◆ **BRIEF**
Which lines in the records below contain the word "Stock"? Return each of them.

[Source records]
□ □ □ □
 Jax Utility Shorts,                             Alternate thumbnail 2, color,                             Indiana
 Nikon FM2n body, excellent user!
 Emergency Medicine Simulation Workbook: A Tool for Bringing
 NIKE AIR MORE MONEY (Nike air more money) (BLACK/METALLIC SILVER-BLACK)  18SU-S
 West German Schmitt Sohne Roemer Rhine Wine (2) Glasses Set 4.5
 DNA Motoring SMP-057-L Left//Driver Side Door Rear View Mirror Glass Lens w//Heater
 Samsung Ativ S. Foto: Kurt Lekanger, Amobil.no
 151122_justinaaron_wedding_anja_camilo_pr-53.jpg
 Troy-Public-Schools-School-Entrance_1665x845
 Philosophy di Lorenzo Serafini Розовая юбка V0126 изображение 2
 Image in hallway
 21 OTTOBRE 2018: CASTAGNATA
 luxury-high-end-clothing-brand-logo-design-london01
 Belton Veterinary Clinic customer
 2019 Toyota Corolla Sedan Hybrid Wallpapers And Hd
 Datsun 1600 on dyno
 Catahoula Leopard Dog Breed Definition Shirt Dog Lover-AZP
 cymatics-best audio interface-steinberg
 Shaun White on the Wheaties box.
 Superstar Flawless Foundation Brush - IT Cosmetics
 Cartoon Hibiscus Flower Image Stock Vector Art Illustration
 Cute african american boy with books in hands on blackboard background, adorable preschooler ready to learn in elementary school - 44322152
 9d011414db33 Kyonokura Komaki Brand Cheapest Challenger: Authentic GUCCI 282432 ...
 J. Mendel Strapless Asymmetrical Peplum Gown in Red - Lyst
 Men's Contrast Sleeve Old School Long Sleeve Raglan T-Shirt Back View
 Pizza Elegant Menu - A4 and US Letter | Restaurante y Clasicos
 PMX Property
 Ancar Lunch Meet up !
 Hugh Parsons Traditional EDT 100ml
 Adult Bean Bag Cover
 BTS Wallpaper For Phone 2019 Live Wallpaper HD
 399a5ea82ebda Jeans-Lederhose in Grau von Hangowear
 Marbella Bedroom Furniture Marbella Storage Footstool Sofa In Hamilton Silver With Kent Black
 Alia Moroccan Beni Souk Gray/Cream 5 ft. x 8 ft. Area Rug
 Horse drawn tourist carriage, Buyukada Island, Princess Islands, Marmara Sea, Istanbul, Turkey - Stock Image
□ □ □ □
◆ **TASK OUTPUT**
 Cartoon Hibiscus Flower Image Stock Vector Art Illustration
 Horse drawn tourist carriage, Buyukada Island, Princess Islands, Marmara Sea, Istanbul, Turkey - Stock Image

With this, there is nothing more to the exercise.